Automated, unmanned, and submerged some 3,000m below the surface, the offshore oil and gas platform of tomorrow might sound improbable but engineers at a Siemens research centre in Trondheim in Norway are working on plans to make it a reality.
At the heart of the project lies the familiar concept of subsea processing, where a number of functions once confined to offshore production platforms – including water removal and re-injection, boosting of well fluids and sand and solid separation – are performed undersea. The benefits of this are numerous, according to Siemens’ head of subsea power Bjørn Rasch.
“If you look at the world today, we suffer from very low rates of recovery from subsea reservoirs,” he says. “Twenty percent of the oil and gas will be produced but the rest you just can’t get out, at least not from deep sea reservoirs.”
Recovery rates are low, Rasch adds, because in an oil well you don’t have just oil. “You have water, gas and this mixture has to be transported up to a platform,” he says. “That creates a lot of back-pressure on the reservoir and poor flow conditions. By introducing a subsea booster pump, for example, you can reduce the well pressure, improve the flow conditions and increase the recovery rate of the well. There is a huge value potential if you are able to increase the recovery rate by just a few percent.”
Of course, subsea processing is nothing new. For at least 20 years the technology has been described as one of the most promising developments in the offshore industry. But while “it has been delivered to the market for many years, it is still not utilised that frequently,” says Rasch.

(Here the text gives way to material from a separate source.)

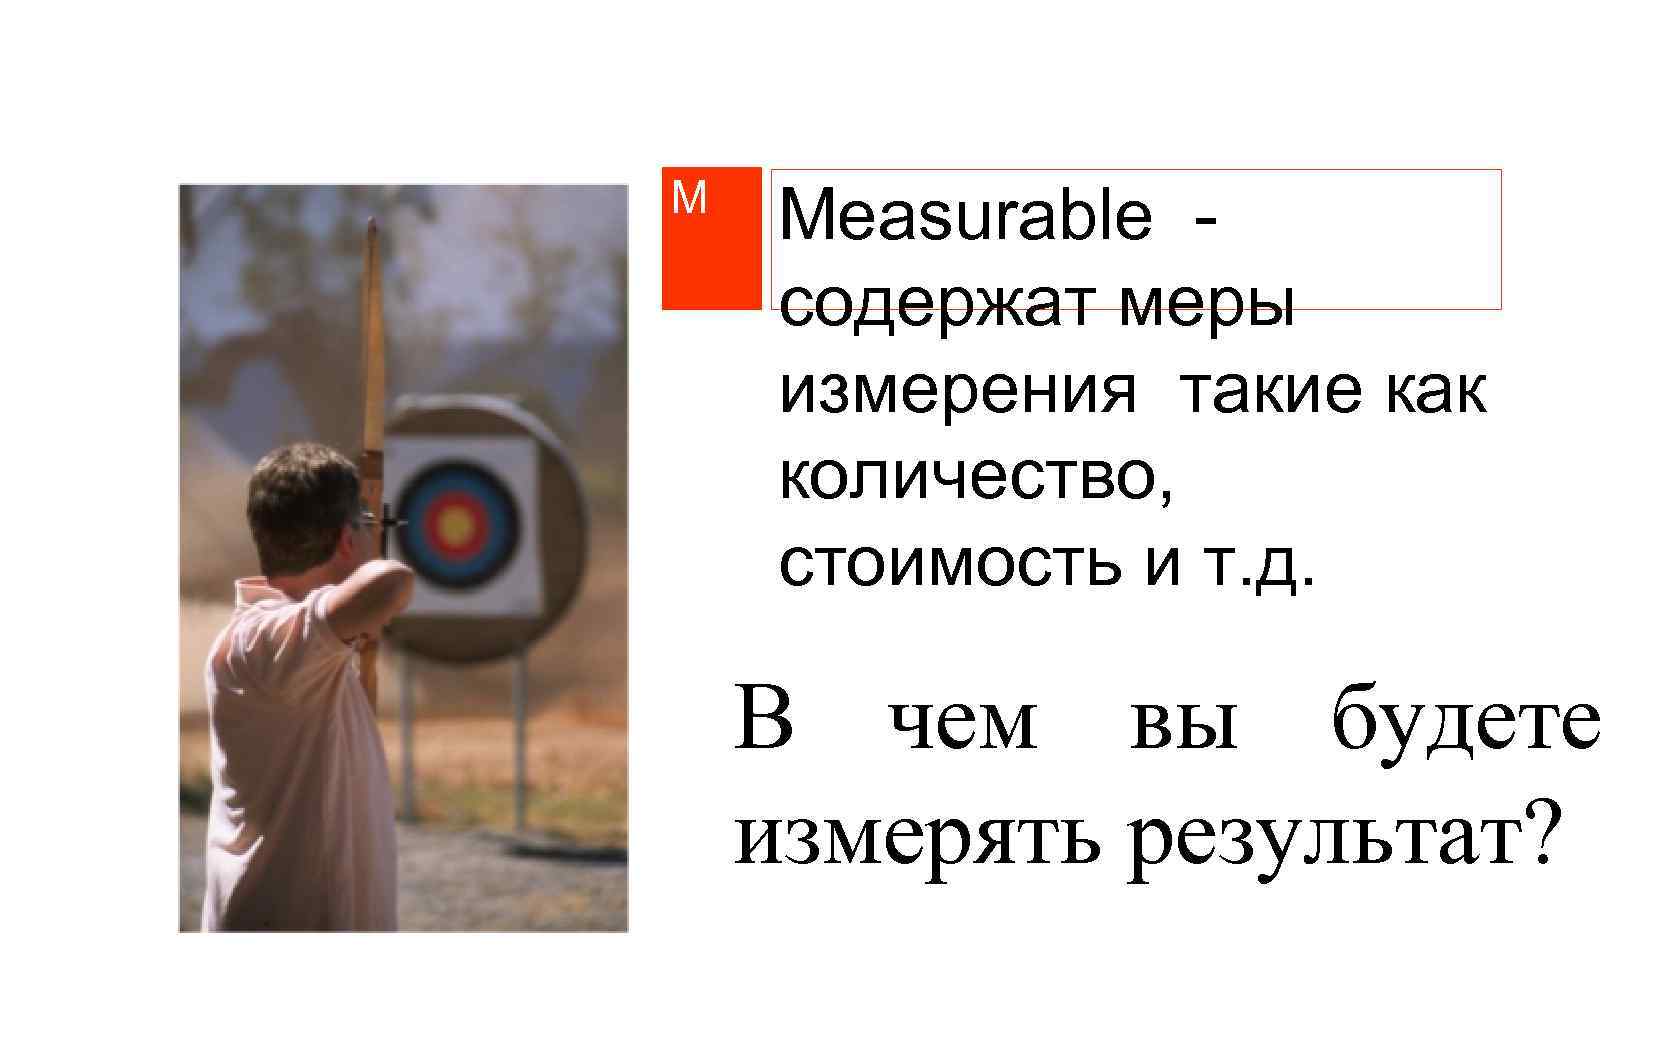 M Measurable содержат меры измерения такие как количество, стоимость и т. д. В чем
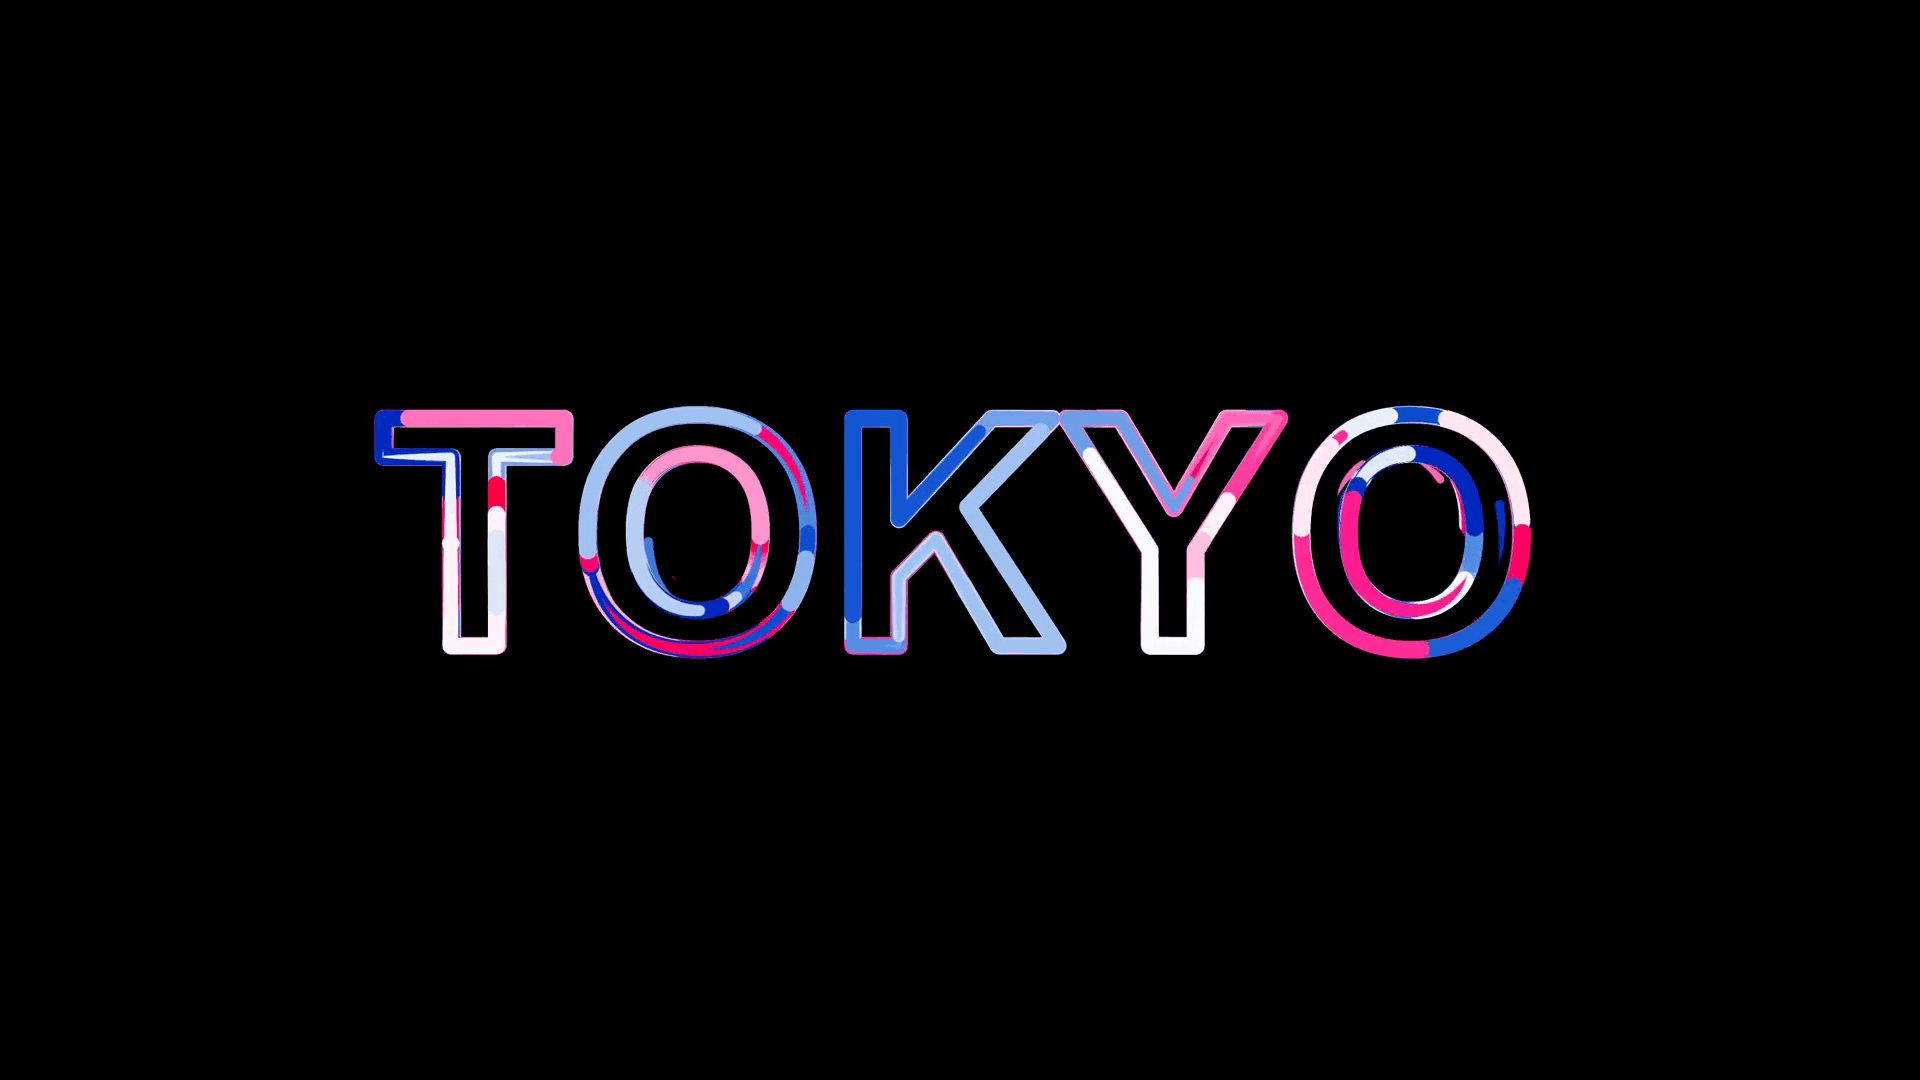 Tokyo Word Wallpaper Top Background

One of the problems, Rasch says, is that “until today subsea processing has been powered through a direct connection to a topside or onshore platform. In many of the identified fields where this technology can be introduced you don’t have the possibility to supply the required power for these pumps.”
The next phase of subsea processing technology, Rasch adds, is “to actually distribute power more effectively at the sea bed so you can have a genuine subsea power solution.”
Subsea power distribution: The next step forward
This is what Siemens and other companies, including ABB, are currently working on. When delivered to market, Rasch says, Siemens’ product will represent a major step forward in realising “the dream of operators” to have a fully unmanned offshore platform.
“We will be able to deliver a genuine subsea to market solution where you actually produce from the well all the processing that you need to transport the oil directly to the market,” he says. “You can then power all this subsea processing directly from the shore. You won’t need any offshore installation at all.”
Alongside the expected recovery gains and safety improvements, Rasch says the solution will also help the industry reduce cost.
“In some deepwater scenarios you have several consumers with very complicated power needs and very expensive cable costs,” he says. “By introducing subsea power distribution you can actually reduce the number of cables you need to go from topside to subsea.”
Putting these functions undersea and delivering a fully automated platform could also reduce many of the safety risks associated with offshore oil and gas extraction. In the last few months alone offshore workers have lost their lives in platform accidents in both the North Sea and Azerbaijan.
Overcoming the challenges
There are challenges, however. “The most obvious is having high voltage electricity together with water,” says Rasch. “I think everybody knows that is not something that matches very well. In this environment you also have very deep water with high pressure and you want to distribute electricity. It is not easy.”
Siemens’ current solution is to put all of the electronics inside a pressure-compensated, fluid-filled environment. “We have a kind of barrier against the water,” Rasch explains. “This is one of the biggest challenges and it is also a very time-consuming process. We have to qualify all of these components and really demonstrate to the market that we have a solution that works under these specific conditions.”
Another challenge is actually maintaining the product once it is installed under water. “If you need to take something out you can’t just send somebody to go down and check on it because everything is 3000m below the surface,” Rasch says. “It is very challenging and expensive to do any kind of intervention or service so you need to create systems which have built in redundancy and which are extremely reliable.”
None of this is impossible, though. According to Rasch, Siemens is now in “the final qualification stage” for its power distribution product, having already assembled a prototype.
“The main component we are using is a subsea transformer which actually takes high voltage AC power and transforms it down to a medium voltage,” he says. “Then we have a medium voltage switch gear which connects and disconnects the different consumers of power. And then we have the third main part: the variable speed drive which controls the speed of the pump. All of these components are now assembled in our workshop in Trondheim and we are currently doing testing on the equipment.
“This summer we will start system integration tests, and when we have done that successfully, we will move the equipment to a test location in Trodheim harbour, where we will operate all of the equipment under water at shallow depths.”
With different companies developing competing systems to take the offshore oil and gas platform underwater, the race is certainly on. Will Siemens be first? “Time will tell,” Rasch laughs. “There is a competition to be first to the market but it is a very challenging situation and we see a lot of potential in the years to come.”